5 thoughts on “Most People Train Like Pussies

  1. Marko says:

    Gee thanks Conor, I thought a bench off 190 was pretty good for a strong guy like me, I guess I’ll just have to start lifting at the rec with the other ladies now.

  2. Nenad says:

    “Most people train like PUSSIES” including me]…. but i belive this is about change for GOOD!!!! HA,Ha,hA

  3. Philipk says:

    You guys have to start somewhere. Less soccer, less checking out the volleyball chicks and more lifting. Plus pushing yourselves a little more. Don’t be afraid to ask for a spot.

  4. conorattack says:

    I didn’t have you guys in mind when I wrote this, so I hope you guys can take this for what it’s worth. The point really is that how you train isn’t very important compared to just progressing in your weights, reps or whatever else. Really, I see the same thing in people who run for ‘fitness’, they never get out the clock and get faster and then thy wonder why they’re not ripped.

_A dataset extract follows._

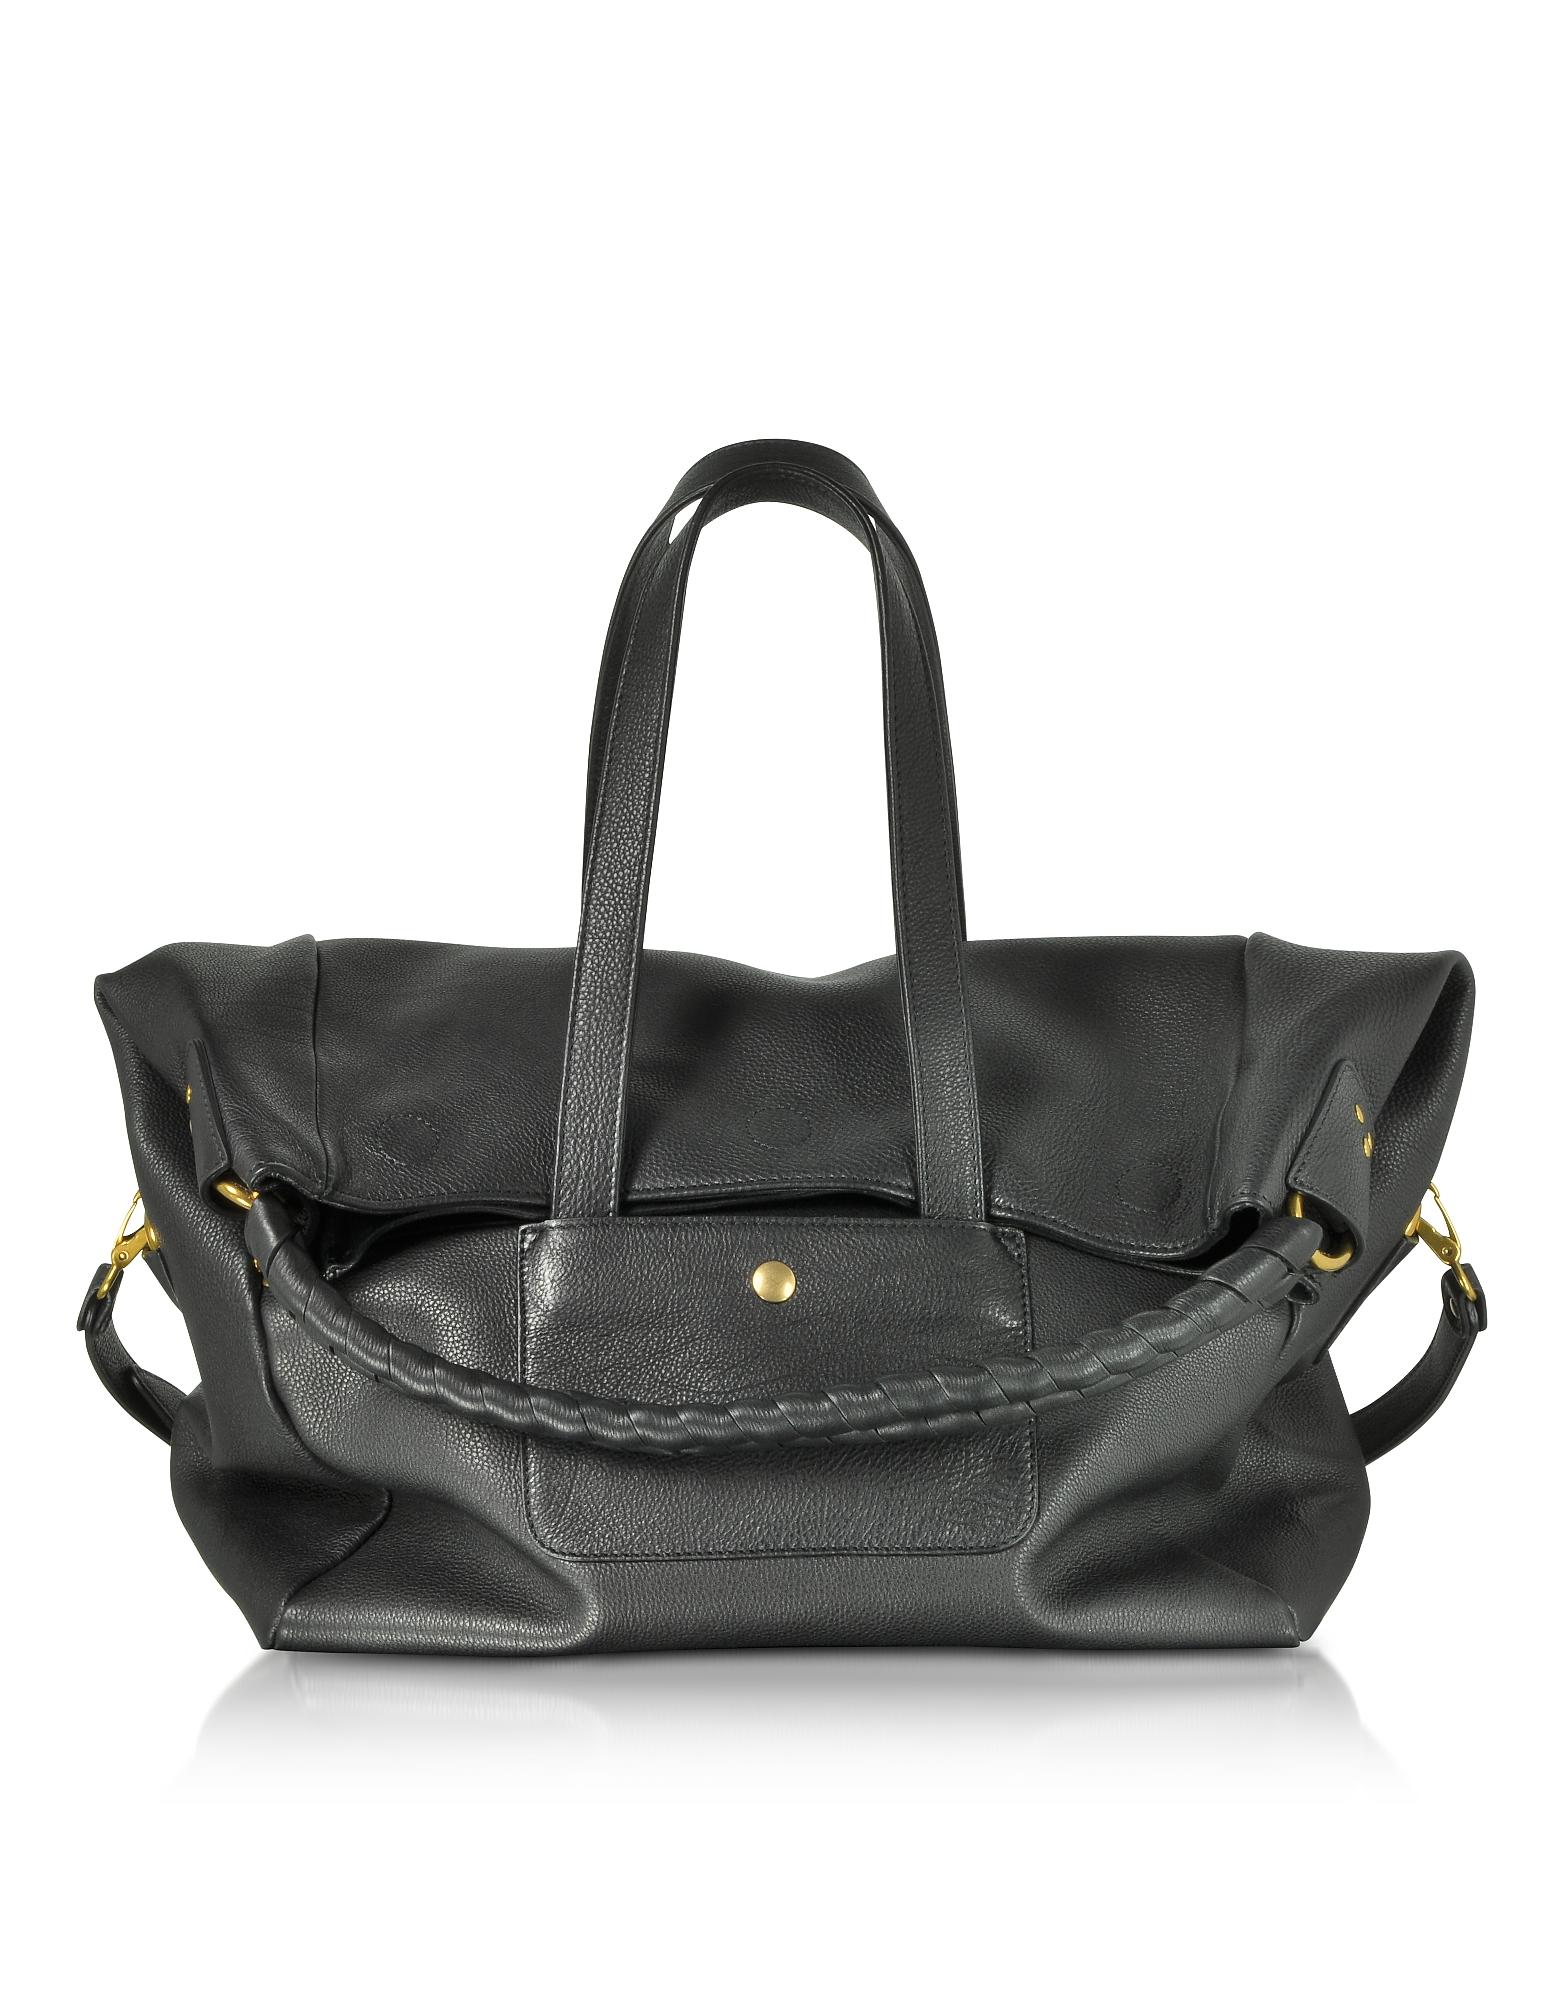 Gaspard Black Leather Shoulder Bag

    And, as Phil said, everybody starts somewhere. I heard somewhere that the first time he ever tried, Bill Kazmier dedlifted 500 pounds, as a teenager. That sounds pretty good, but what if ten years later he only pulled 600? It’s still a pretty good pull, but if he only put 100 pounds on it in a decade, that would be shitty. Now, if you start out pulling 100 pounds and after a year you’re pulling 300, that’s really good, but you’re still going to have to keep at it and build that even higher. Make sense?

    I wasn’t trying to slam anybody, just trying to point out the reasons that people, myself and everyone I know who trains included, sometimes don’t get to where we’re headed.